In February 2021 the Christian aid and development agency Tear Fund commissioned a survey of young people which found that 9 out of 10 Christian teenagers in the UK were concerned about climate change, but only one in 10 believed their church was doing enough to respond to the climate crisis. The survey also revealed that 86 per cent of the teenagers said their faith teaches them to care about climate injustice. Since then, the Church of England has launched a comprehensive environmental policy and programme which is focused on enabling churches to think more deeply about how they care for the environment through faith, practice and mission. This includes tackling carbon emissions, aiming for net zero carbon by 2030.* It is good to see our local churches responding to this.
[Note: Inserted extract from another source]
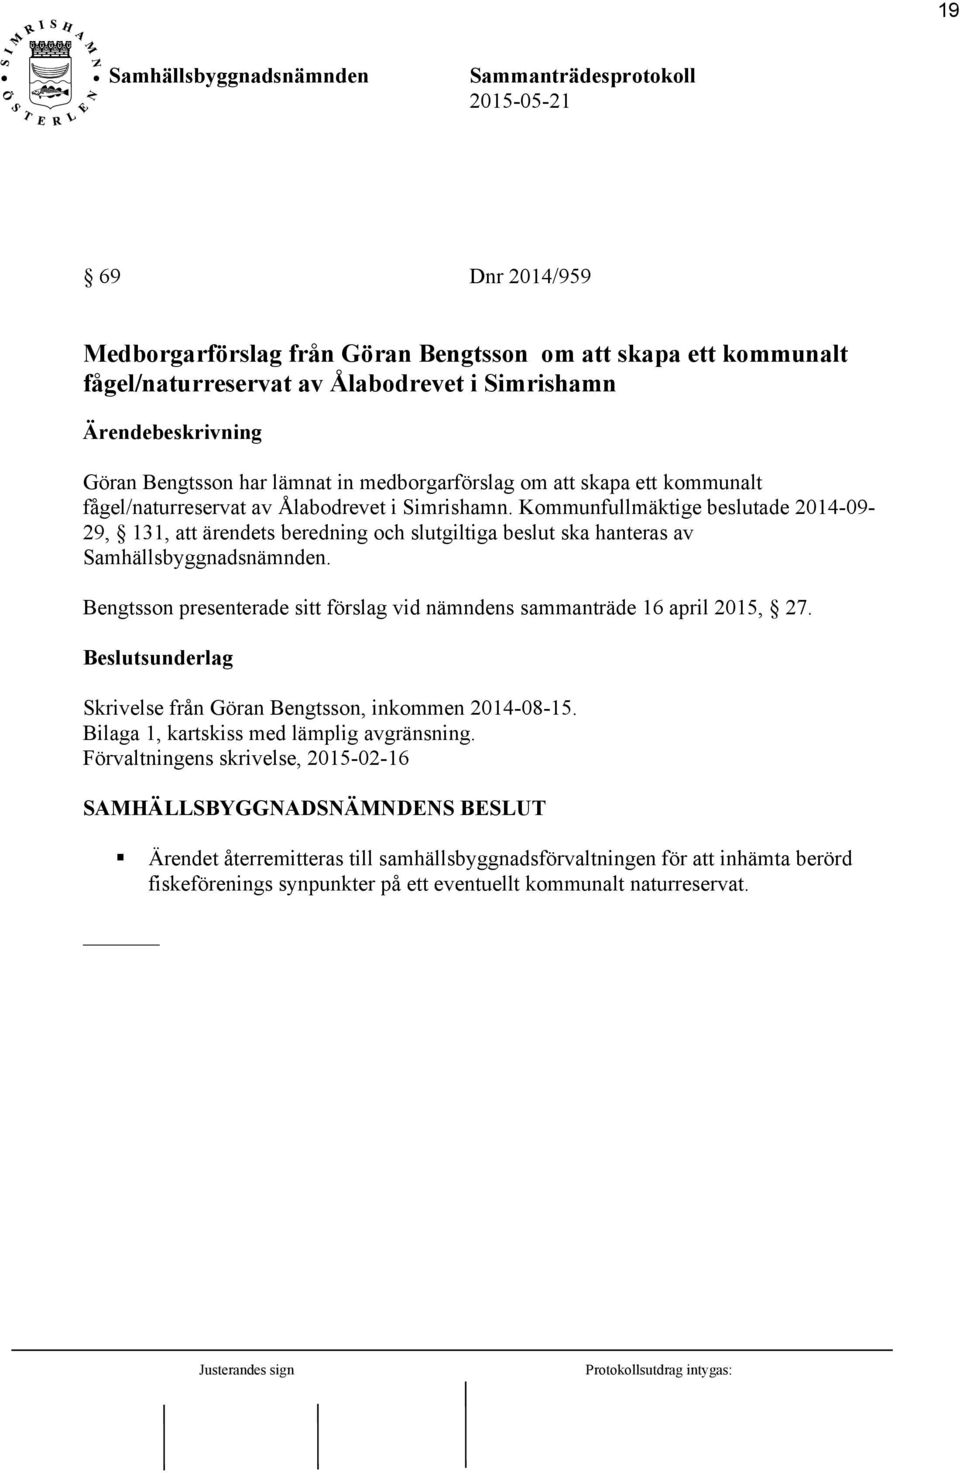 Bengtsson presenterade sitt förslag vid nämndens sammanträde 16 april 2015, 27. Skrivelse från Göran Bengtsson, inkommen 2014-08-15. Bilaga 1, kartskiss med lämplig avgränsning.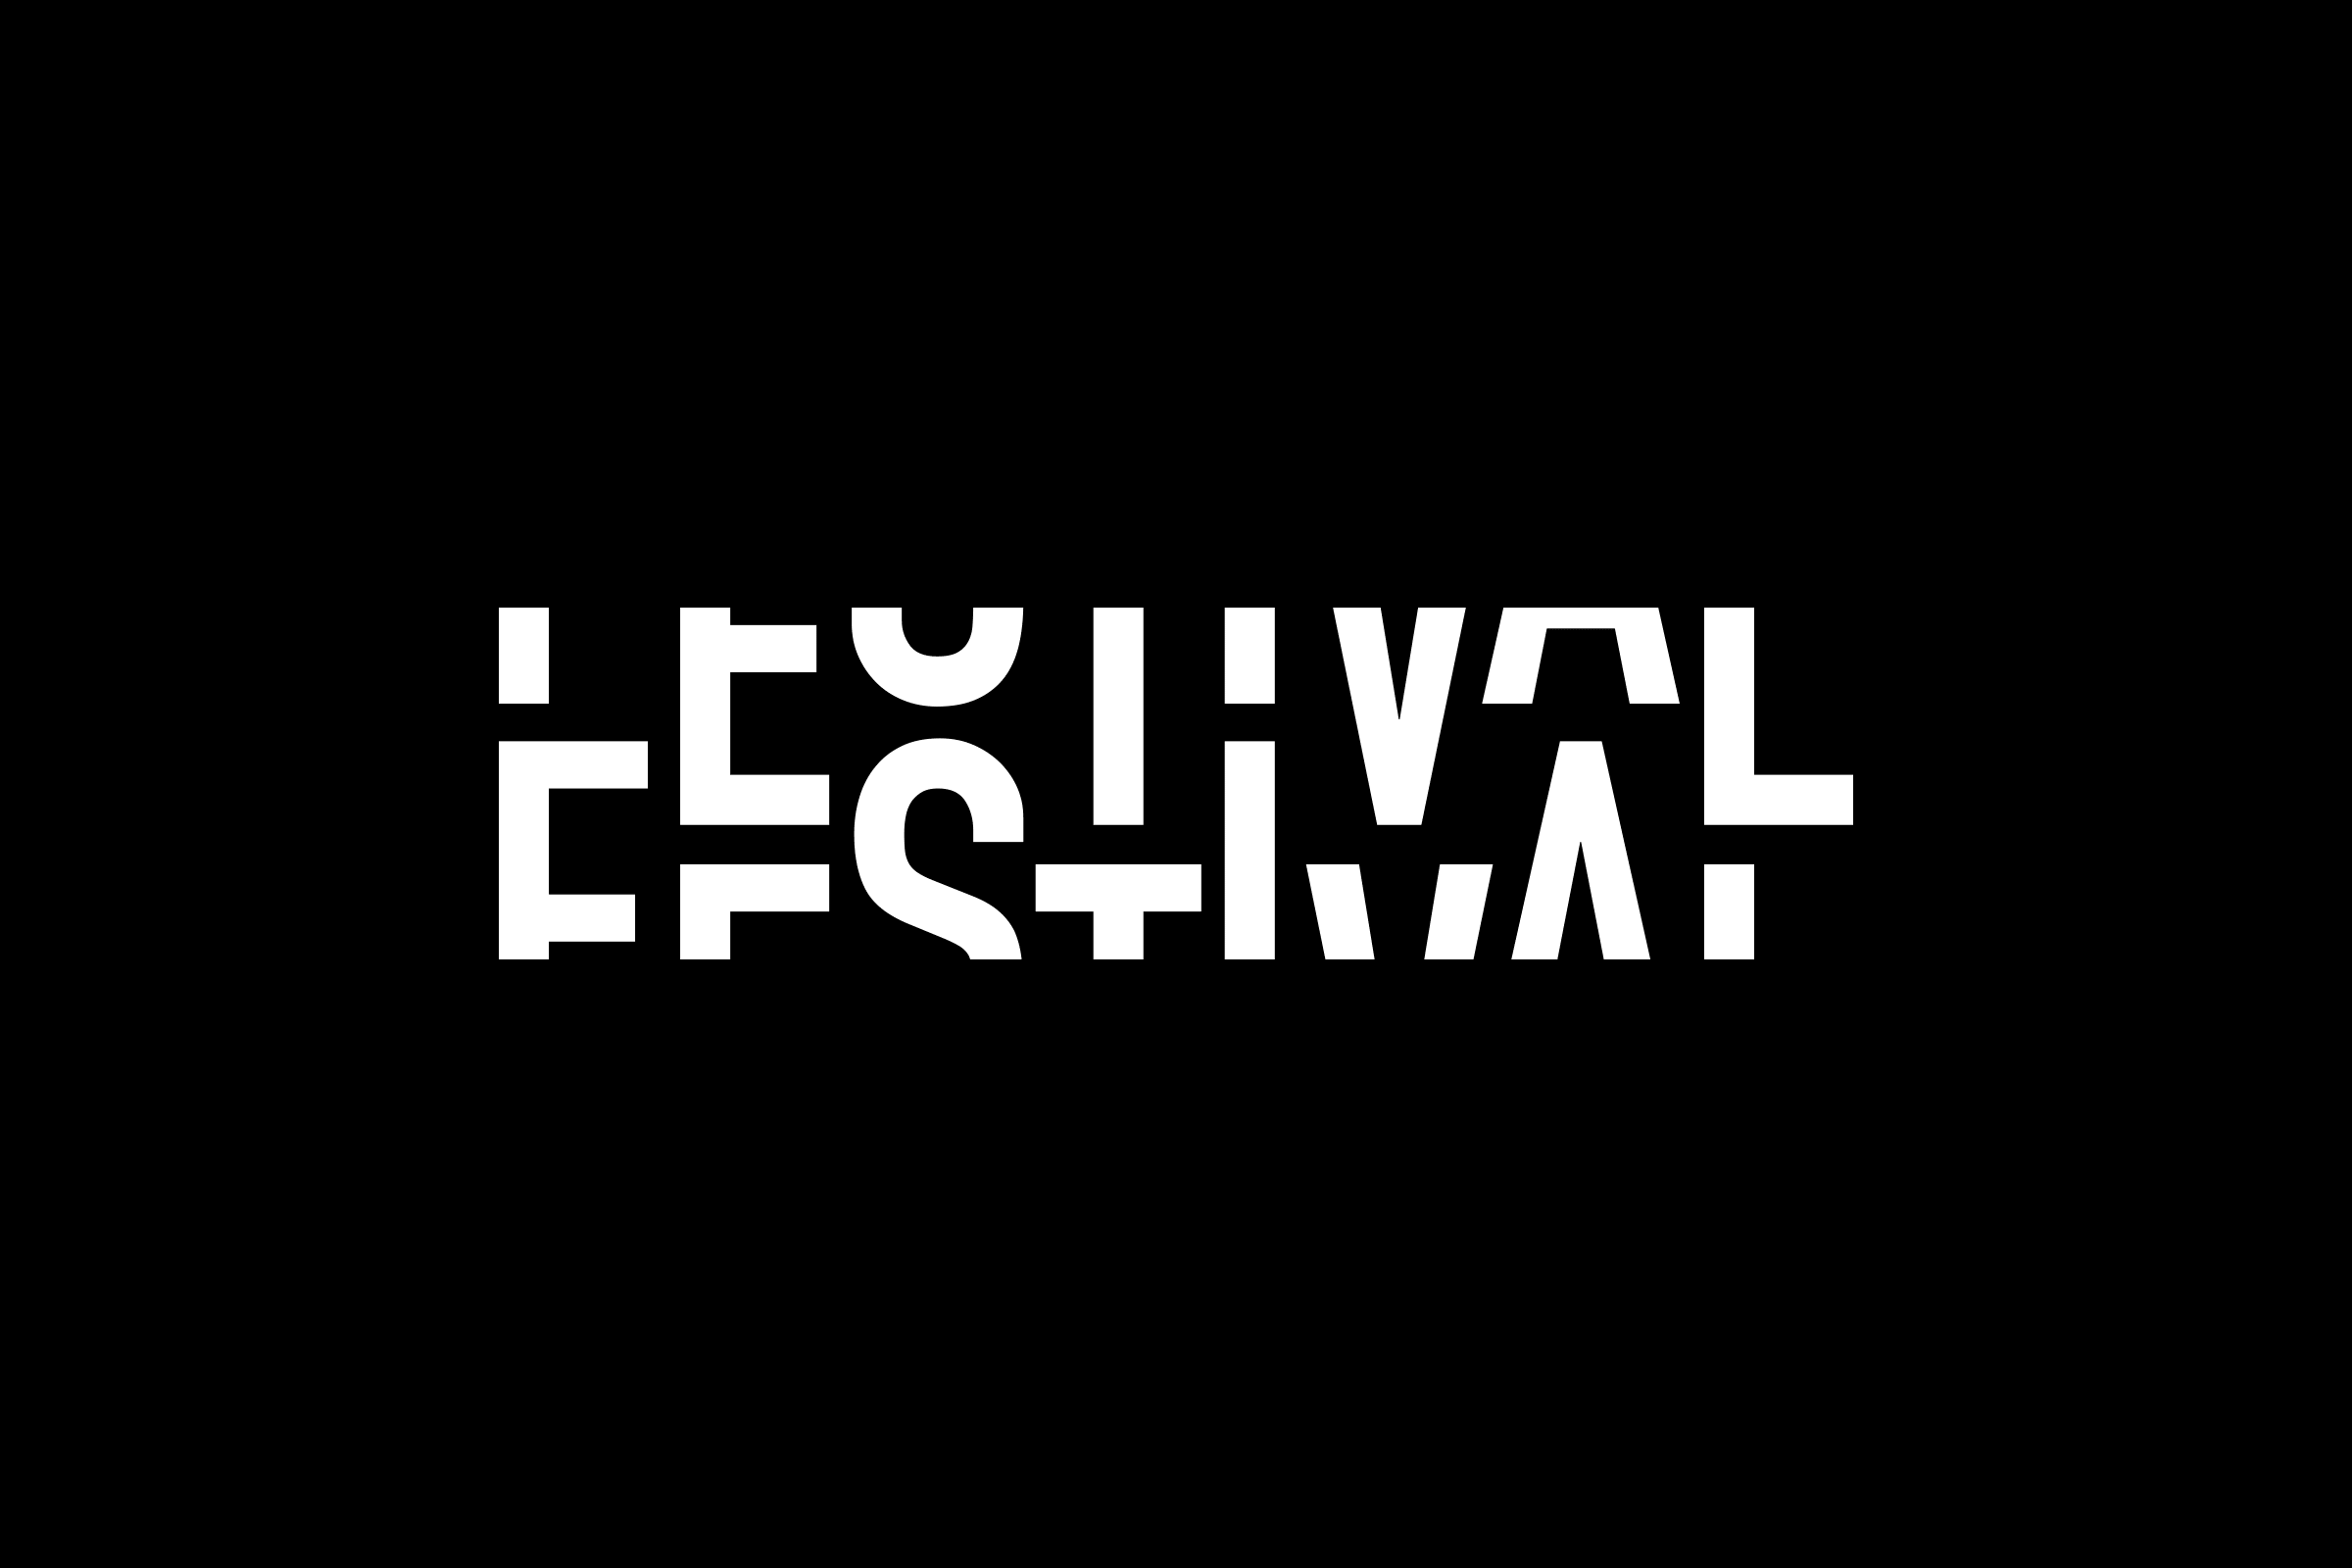 Mot Festival animé avec un jeu typographique

One of the great dangers in considering climate change is that we can feel overwhelmed by the unrelenting reports of climate-induced disasters around the globe and consider that we are powerless to do anything. But there are multiple initiatives underway to slow down and address the impact of climate change: flood remediation and the creation of extensive wetlands that slow down run-off; large-scale planting of trees such as in the Sahel region of North Africa to prevent desertification; the restoration and renewal of sea grass along coastlines and peat bogs in hills that act as carbon sinks. We need to keep supporting and praying for the success of such initiatives.

We might also consider how even one small action we take can make a difference, such as planting a single oak tree. If this tree lives to maturity it will eventually capture, every year, around 22 kg (kilograms) of carbon dioxide. If it lives 400-500 years that’s a significant amount of C02! Our faith teaches us to bear responsibility for this world that God has freely given us to enjoy and protect. In the face of all the gloom, despair and apathy around us, let us choose to think globally but act locally. As St Paul encourages us, ‘Rejoice in hope, be patient in tribulation, and be constant in prayer’ (Romans 12:12).